Intelligence for Scientific Processes

  • Nothing much yet. Check back later.
  • A lot of papers study graph-based deep learning methods. To the extent that a lot of scientific knowledge is graph-structured – molecules, for example, or causal models – graph-based methods represent meta-infrastructure for intelligent scientific processes. Deep Graph Library is being released today.
  • A Probabilistic U-Net for Segmentation of Ambiguous Images. Interesting paper from the DeepMind science and health-focused teams. Addresses the issue that humans (like doctors) may label image areas (i.e. tumors) differently. Develops a deep probabilistic model to represent this variation.
  • Attended the Molecules and Materials workshop. Most went over my head. General themes included: (a) encoding useful physiomechanical properties / invariances in deep learning; (b) using RL in drug discovery because we have relatively good models that evaluate properties of proposed candidates; using graph neural networks.
  • Question: is scientific automation better achieved through developing general level inductive biases for scientific questions (i.e. relational ML) or through targeting each vertical (drug design, physics, diagnosis) separately?

ML and Economics

  • I had a fascinating chat with Uber AI labs. One of their goals is to accurately model and calibrate systems of agents – in theory, an RL challenge, and in practice, a cars/drivers/marketplace challenge – so they can experiment with incentives (rewards in the RL sense). To do this at a larger scale for many world problems would offer a simulation lab for mechanism design with suitably intelligent agents.
  • JP Morgan is building ROAR, a market for buying and selling predictions. Think Numerai for any problem. Buyers specify the prediction task, performance measurement method, and reward. These can be updated dynamically. Sellers’ predictions are rewarded proportional to how useful they are to the buyer. The equilibrium of sufficiently well-specified tasks should push the cost of prediction towards zero. The second- and third-order effects are (a) an incentive to modular model-building value: you might have models that 1. provide better data 2. select features 3. perform feature engineering 4. model, 5. ensemble models; (b) autonomous meta-learning systems that can be deployed generally and develop solutions to different tasks without human specification.

Other Notes

  • The conference has been overshadowed by the Canadian government doing a miserable job approving visas for people from underrepresented geographies. This disproportionately impacts the Black in AI crowd. Timnit Gebru and others have been pulling Herculean efforts to rectify this.
  • I’m seeing nametags with lime green preferred pronoun stickers. Awesome.
  • A lot of companies have an insane amount of money to do consulting with no scalable product.
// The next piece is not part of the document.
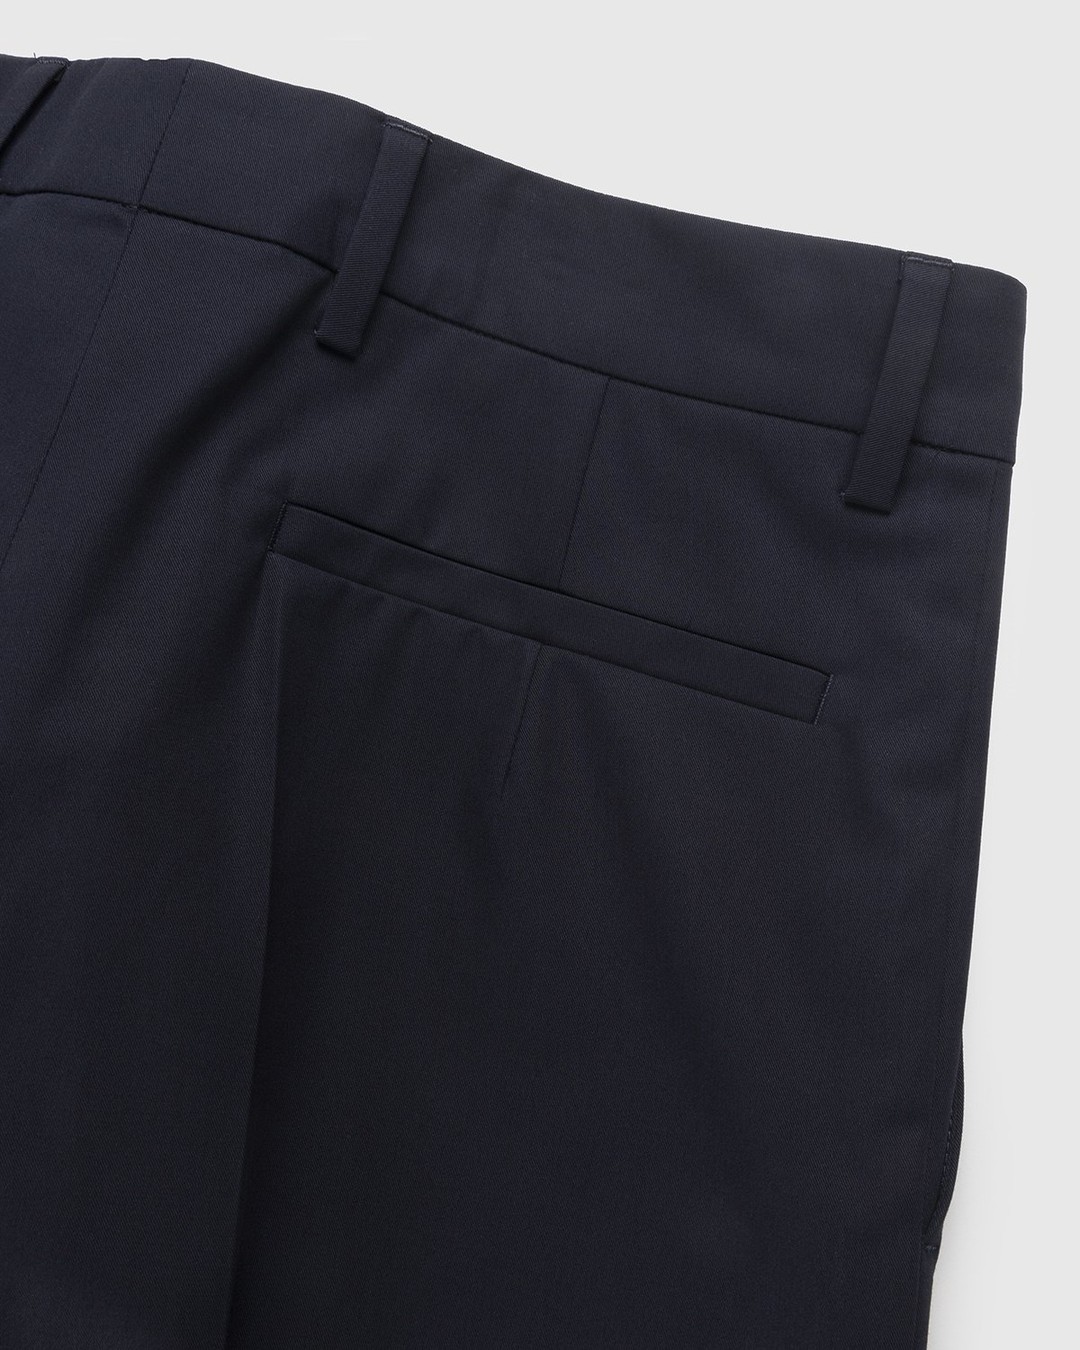 Dries van Noten – Parwin Shorts Navy - Shorts - Blue - Image 3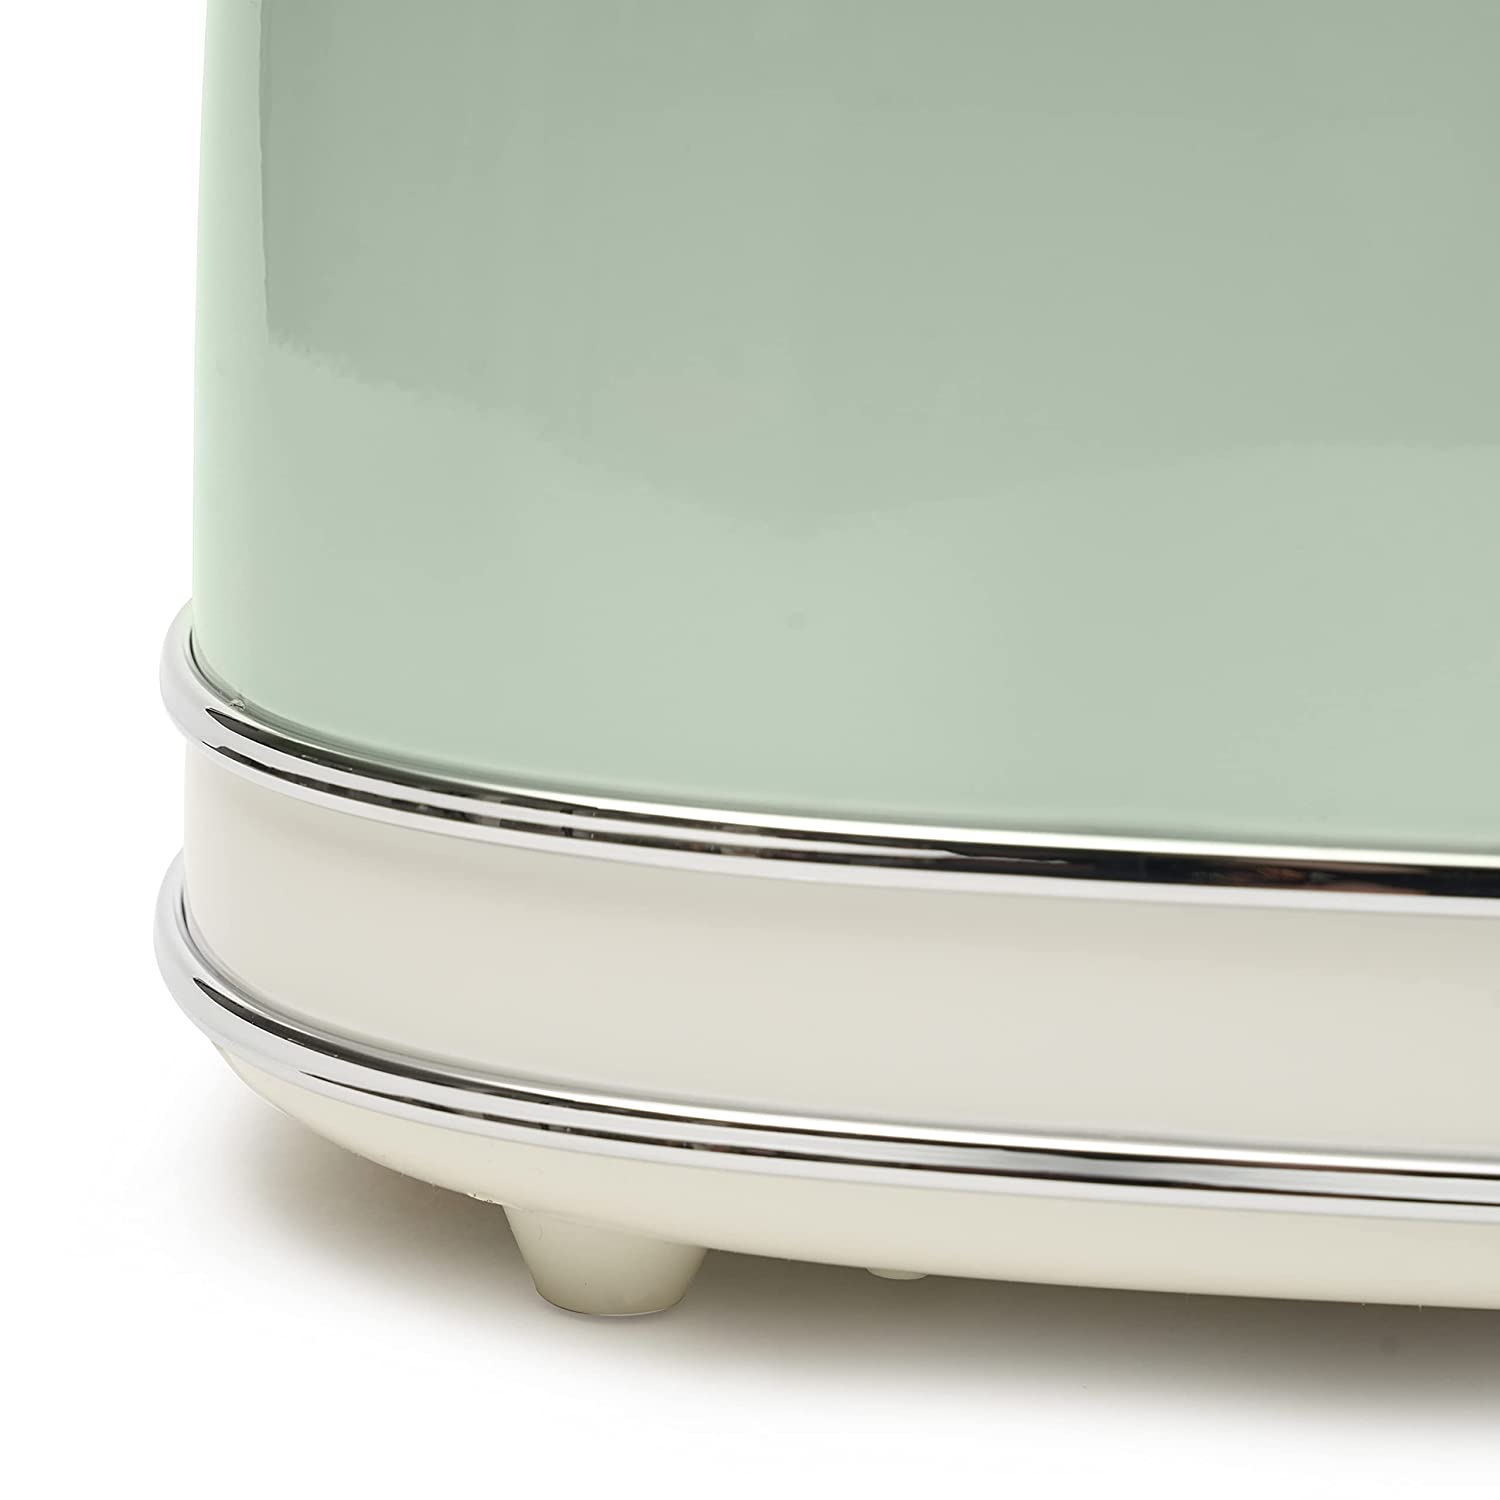 Ariete 155 Vintage 2 Slice Toaster, 810 watt, 6 toasting levels, in stainless steel painted in pastel green colour - Mahajan Electronics Online

Is this a bubble or will they all find products? They all say they do fundamental research. I guesstimate a very small amount of fundamental research makes it into deployment, or even marginally informs products.
  • Companies that are claiming they “do AI social good” are transparently using it as (a) a recruitment tool (b) a tool to ingratiate themselves to government customers (c) vying to help inform the legal frameworks that would likely benefit them.